— И она настолько помешалась на грозившей ей опасности, что за все эти годы ни разу не позвонила мне и не сделала ни одной попытки меня увидеть?
— Помешалась? — повторил Майрон. — Эти люди поставили «жучок» на твой телефон. Постоянно следят за тобой. Убили твоего отца… А ты говоришь: «помешалась»…
Брэнда покачала головой:
— Ты не понял…
— Что именно, интересно знать?
У нее на глаза навернулись слезы. Тем не менее Брэнда по возможности старалась произносить слова спокойным голосом.
— Можешь говорить что угодно, и выдумывать любые объяснения, но тебе никогда не оправдать того, что она бросила своего ребенка. Даже если у нее имелись для этого очень серьезные причины, даже если она жертвовала собой, чтобы защитить дочь и устроить ее будущность… Почему все эти годы она заставляла своего ребенка пребывать в уверенности, что мать бросила ее? Неужели она не понимала, какое разрушительное воздействие на душу пятилетней девочки окажет внезапное исчезновение матери и полное отсутствие каких-либо известий от нее в дальнейшем? Неужели за все эти годы она не могла изыскать способ сообщить своей дочери правду?
«Своего ребенка», «своей дочери» — и ни разу: «мне», «меня». Любопытно… Но Майрон не стал комментировать этот факт и хранил молчание. Поскольку у него не было ответов на все эти вопросы.
Проехав Институт Кесслера, они остановились на красный свет. Через пару минут Брэнда произнесла:
— Как бы то ни было, но во второй половине дня мне нужно ехать на тренировку.
Майрон кивнул. Он понимал ее. Баскетбольная площадка успокаивала и избавляла от ненужных мыслей.
— А еще я очень хочу поучаствовать в открытии и сыграть в первом матче серии.
Майрон снова кивнул. Хорас тоже очень бы этого хотел.
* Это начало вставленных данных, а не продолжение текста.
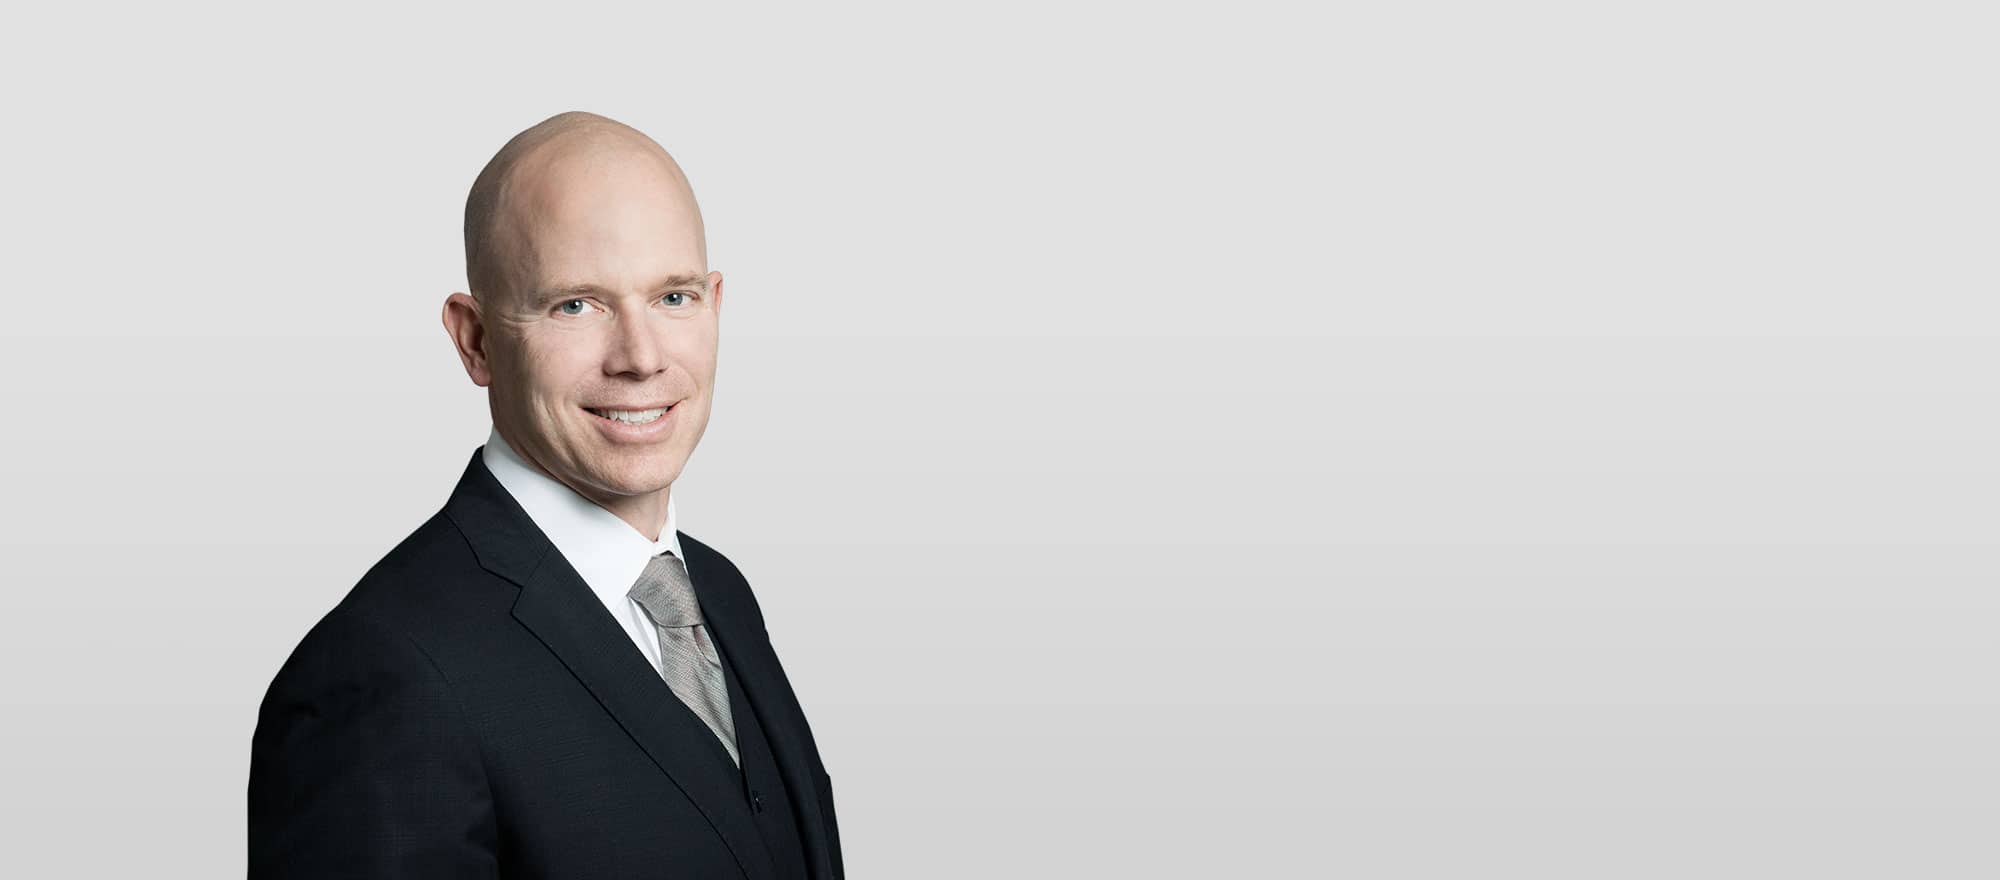 Christopher Hirst is a lawyer and managing partner at Alexander Holburn, a Vancouver law firm

Они развернулись у школы Маунтин-Хай и подъехали к дому Мэйбл Эдвардс. Рядом на дороге припарковались не менее дюжины машин — в основном американского производства, далеко не новые, а некоторые даже основательно битые. У дверей дома стояла пара в официальных черных костюмах. Мужчина дергал за шнурок звонка, а женщина держала в руках запакованное блюдо с угощением. Повернув головы на шум мотора, они увидели вылезающую из машины Брэнду и сразу же отвернулись.
— Как видно, уже прочитали утренние газеты, — заметила Брэнда.
— Ерунда. Никто не верит, что это сделала ты.
Она со значением посмотрела на него, и он понял, что ему предлагается заткнуться и больше оправдательных речей в ее адрес не произносить.
Они вышли из машины, приблизились к крыльцу и встали за парой, пытавшейся игнорировать Брэнду. Мужчина и женщина словно в унисон фыркнули и стали демонстративно смотреть в другую сторону. При этом мужчина нетерпеливо постукивал ботинком, а женщина то и дело тяжко вздыхала. Майрон расправил плечи и открыл было рот, но Брэнда снова строго посмотрела на него, чтобы напомнить, что он должен помалкивать. Похоже, она уже научилась понимать язык его тела.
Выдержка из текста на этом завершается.